とは言いつつもスペシャリティー領域のMRにとって医薬品卸MSからの情報は貴重な情報源です。
会社からは競合品の情報や各病院の疾患別想定患者数は簡単に入手できる時代ではありますが、病院やクリニックとの密接な付き合いがある医薬品卸MSからの生の情報は、製薬会社MRが訪問規制ガチガチの昨今、医療機関を訪問するのに大変貴重な情報であります。
製薬会社からアローアンスが支払われないとなれば、今後医薬品卸MSからの情報が途絶する可能性は十分に考えられます。医薬品卸は病院やクリニック、調剤薬局に医薬品を安定供給する、また最新の情報提供をいち早く行う、という使命を担っておりますが、営利企業でもあります。

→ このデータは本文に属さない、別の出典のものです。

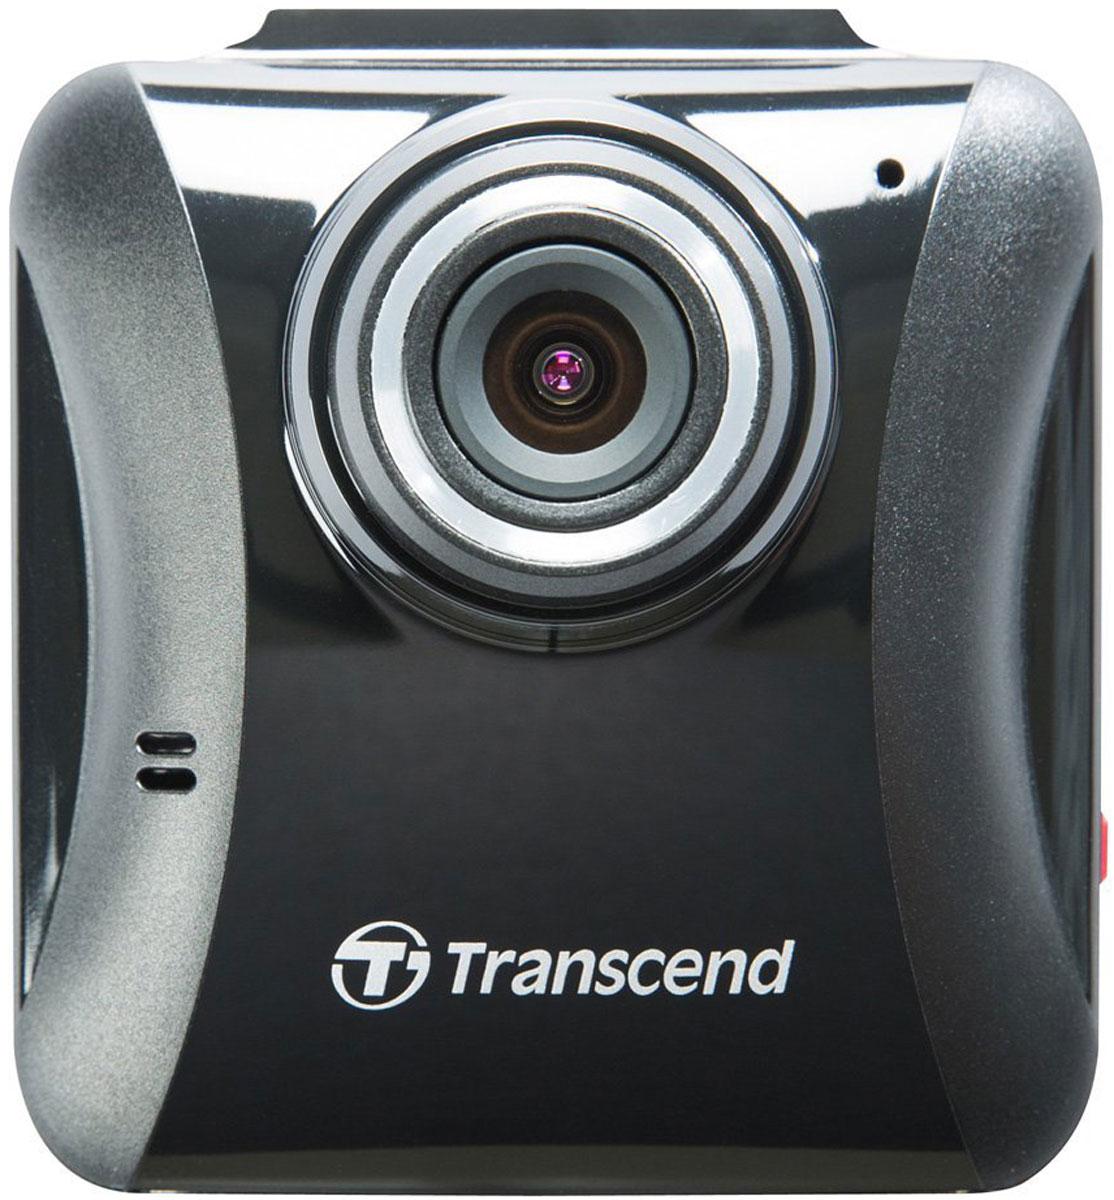 Transcend DrivePro 100 видеорегистратор автомобильный + microSD 16GbTS16GDP100MВне зависимости от времени суток, автомобильный видеорегистратор DrivePro 100 - ваш надёжный видеосвидетель. Встроенный аккумулятор позволяет вести запись в течение 30 секунд после отключения электропитания, что дает максимальную уверенность в том, что видеорегистратор сохранит все важные моменты. DrivePro 100 оснащен объективом с широким углом обзора, состоящим из шести стеклянных линз, который позволяет снимать кристально-четкое видео высокой четкости в формате Full HD, имеет функцию захвата кадров и оснащен ярким цветным 2,4-дюймовым ЖК-дисплеем. DrivePro 100 прост в установке и настройке, а также оснащен функцией автоматического включения и выключения (Auto Power On/Off). Более того, доступный для бесплатной загрузки программный пакет DrivePro Toolbox для Windows позволяет с легкостью воспроизводить на ПК записанные видеорегистратором видеофайлы. DrivePro 100 оснащен объективом с большой диафрагмой (f/1.8) и способен автоматически ...
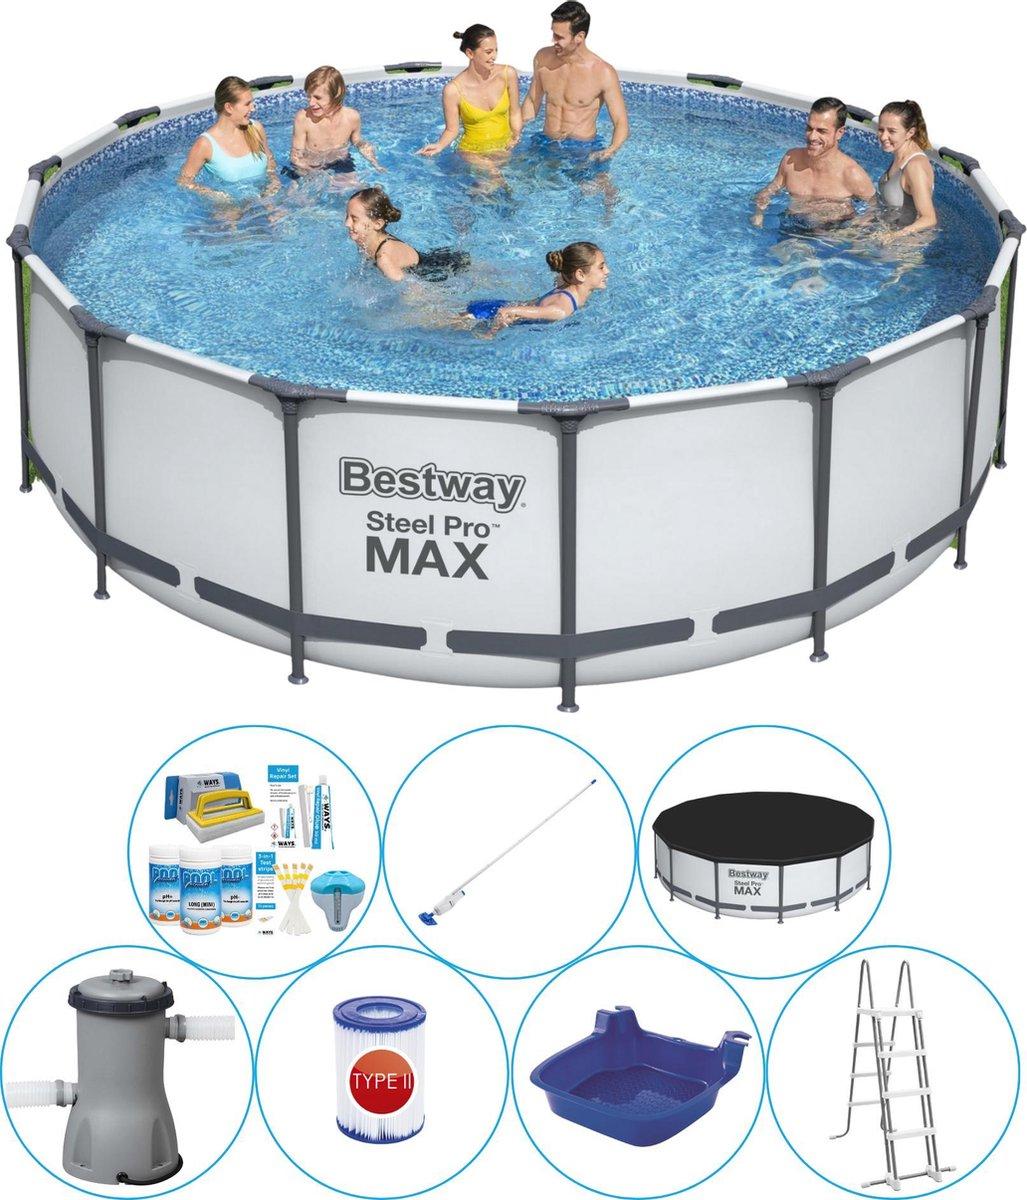 Bestway Steel Pro MAX Rond 457x122 cm - Zwembad Combinatie Deal

元医薬品卸MSの立場から言わせて頂くと、アローアンス(利益)が出ないメーカーの品目はユーザーへ話もしないし、製薬会社MRにも情報提供しようとも思いません。
従来アローアンスは、メーカーからの軒数や数字(グロス)の詰めに対して支払われてきました。
しかし製薬会社各社がスペシャリティー化する中で、今後はこのスペシャリティー品目への情報提供(俗に言う行動フィー)に対してのアローアンスが支払われる方向に転換するのではないか?と言うのが私の推測です。
ただでさえ利益率が低い医薬品卸側としても、アローアンスをもらわなければ会社として成り立たなくなると言う事情も抱えておりますので、この辺りは今後医薬品卸側から製薬会社各社に対して、「我々はMRに対してこういう情報提供ができます。なのでそれに対する対価(アローアンス)をください!」という逆提案があるかもしれませんね。
日本ベーリンガーインゲルハイムも取引卸絞り込みか? まとめ
今回の日本ベーリンガーインゲルハイムのアローアンス廃止について、日本ベーリンガーインゲルハイムサイドとしては「卸の絞り込み」は否定しているようです。
しかしアローアンスを支払わないで、ただ物だけ売ってください!では都合が良すぎます。そうは問屋は卸しません。
売っただけ赤字になる製品を扱うくらいなら、いっそのこと日本ベーリンガーインゲルハイムとの取引をやめてしまう医薬品卸も今後現れるかもしれませんね。今後の製薬会社各社と医薬品卸の対応から目が離せません。